Tips for controlling stored product pests

Storage pests are numerous, widely distributed, and have a wide range of feeding habits. They generally have strong reproductive capacities, short life cycles, and strong resistance to stress and starvation. They carry a variety of methods of damage, including borers, strippers, eroders, and entanglers. They are difficult to detect and are closely related to the physical and chemical properties of grain, making control challenging.Controlling storage pests requires a systematic approach, prioritizing prevention while also focusing on control. Cleanliness and sanitation are fundamental, with physical control as the primary approach and chemical control as a secondary approach.
1. Quarantine
Due to the widespread and often human-induced spread of grain and agricultural products, it is crucial to strengthen effective quarantine of quarantined items to prevent pest infestation.
2. Cleanliness and Sanitation
Thoroughly remove accumulated garbage, dust, debris, cobwebs, uncultivated grain, and weeds, garbage, and sewage from outside the warehouse. Grain and oil warehouses must maintain a clean, empty warehouse schedule. Machinery, equipment, and pipelines must be regularly cleaned. Packaging materials, tools, grain handling machinery, and transportation vehicles must also be kept clean.
3. Disinfection work
Empty warehouses must be disinfected, especially when the temperature drops to 13 degrees in winter or rises to above 10 degrees in spring; processing plants must be disinfected, combined with equipment maintenance, and thoroughly cleaned and then treated with fumigants; insect repellent tapes should be sprayed with agents when appropriate. Disinfection methods can use low temperatures in winter and high temperatures in summer, or be carried out simultaneously with empty warehouse agents and steam disinfection.
Physical control
(1) High temperature.
The most suitable temperature for the growth and development of general grain storage pests is 15-35 degrees, the highest development temperature is 40-45 degrees, and the general inactive temperature range is 0-15 degrees or 35-40 degrees. When the temperature rises to 45-48 degrees, most pests are in a heat sleep state. When the temperature rises to 48-52 degrees, the pests will die in 10-12 hours, and when it rises to 62.8 degrees, all insect stages will die in just 5 minutes. The main methods of high-temperature pest control include sun exposure, drying, steaming, scalding with hot water or boiling water, and infrared heating.
(2) Freezing
Use the cold and low temperatures in winter or early spring to lower the temperature of grain to inhibit the development and reproduction of pests. Generally speaking, the lowest temperature for the life activities of stored grain pests is 8-15 degrees. If it is lower than this temperature, the development and reproduction will stop. When the temperature drops to 4-8 degrees, the pests will enter hibernation. If it drops further, they may freeze stiff or even die after a period of time.
(3) Hypoxia
Under closed conditions, reducing the oxygen content in the atmosphere from 21% to 2% or even below for a period of time can suffocate the pests. This method is particularly effective for certain grains with high moisture content or prone to heat and deterioration in hot seasons. Possible methods include vacuum nitrogen filling, carbon dioxide, and microbial assisted hypoxia.
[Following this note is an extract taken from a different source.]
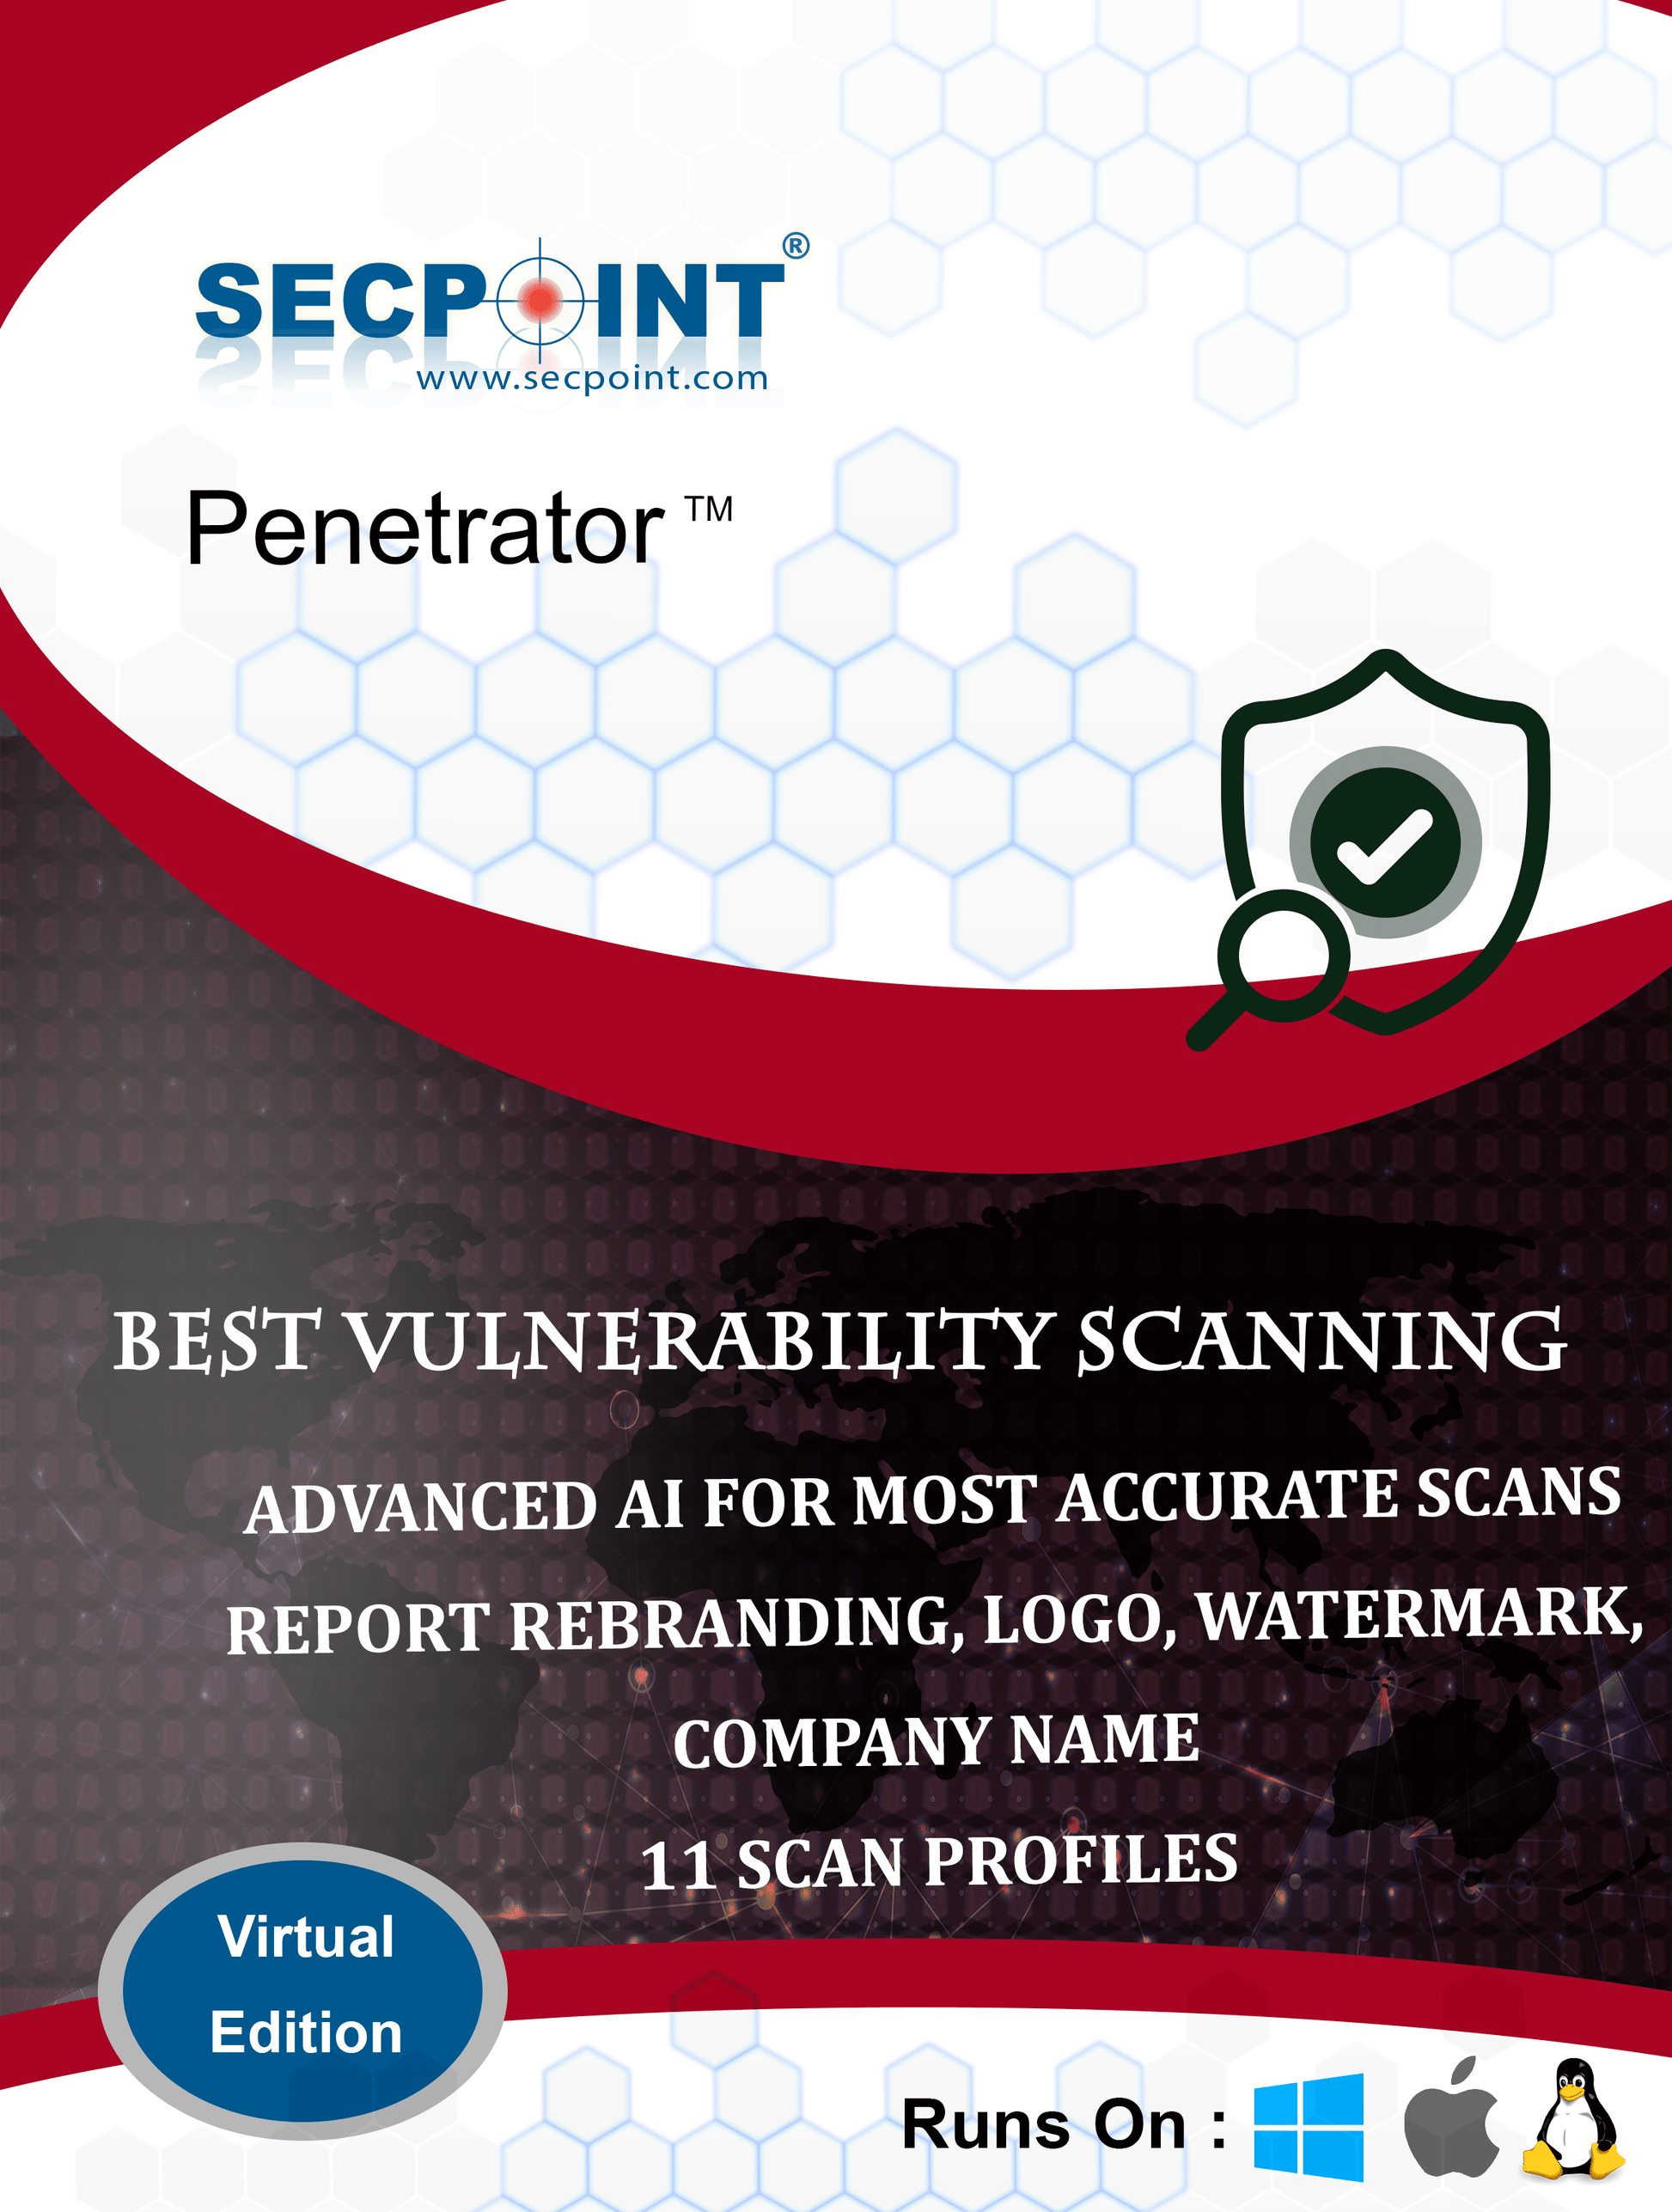 SecPoint Penetrator S9 - 2048 IP Concurrent Scan License Vulnerability Assessment  (3 Years License) - SecPoint

In addition, physical control methods include light moth luring, solar energy, infrared, ion radiation, microwave and other electromagnetic radiation.
V. Chemical control
(1) Set up insect-proof belts. For pests that overwinter outside the warehouse, such as corn weevils and saw-saw grain beetles, spray insect-proof lines around the warehouse before returning to the warehouse in the spring. 1% malathion powder can be used.
(2) Use grain protectants. Mix a certain amount of grain protectants into the raw grain to prevent insect pests. However, finished grains should not be mixed with pesticides to avoid contamination.
(3) Fumigation with pesticides. When the storage pests are serious, fumigation with pesticides can be used. Currently, methyl bromide and phosphine are more commonly used.
In addition, biological control methods can be used, mainly using sex hormones, pathogenic microorganisms, and pest protozoa for prevention and control.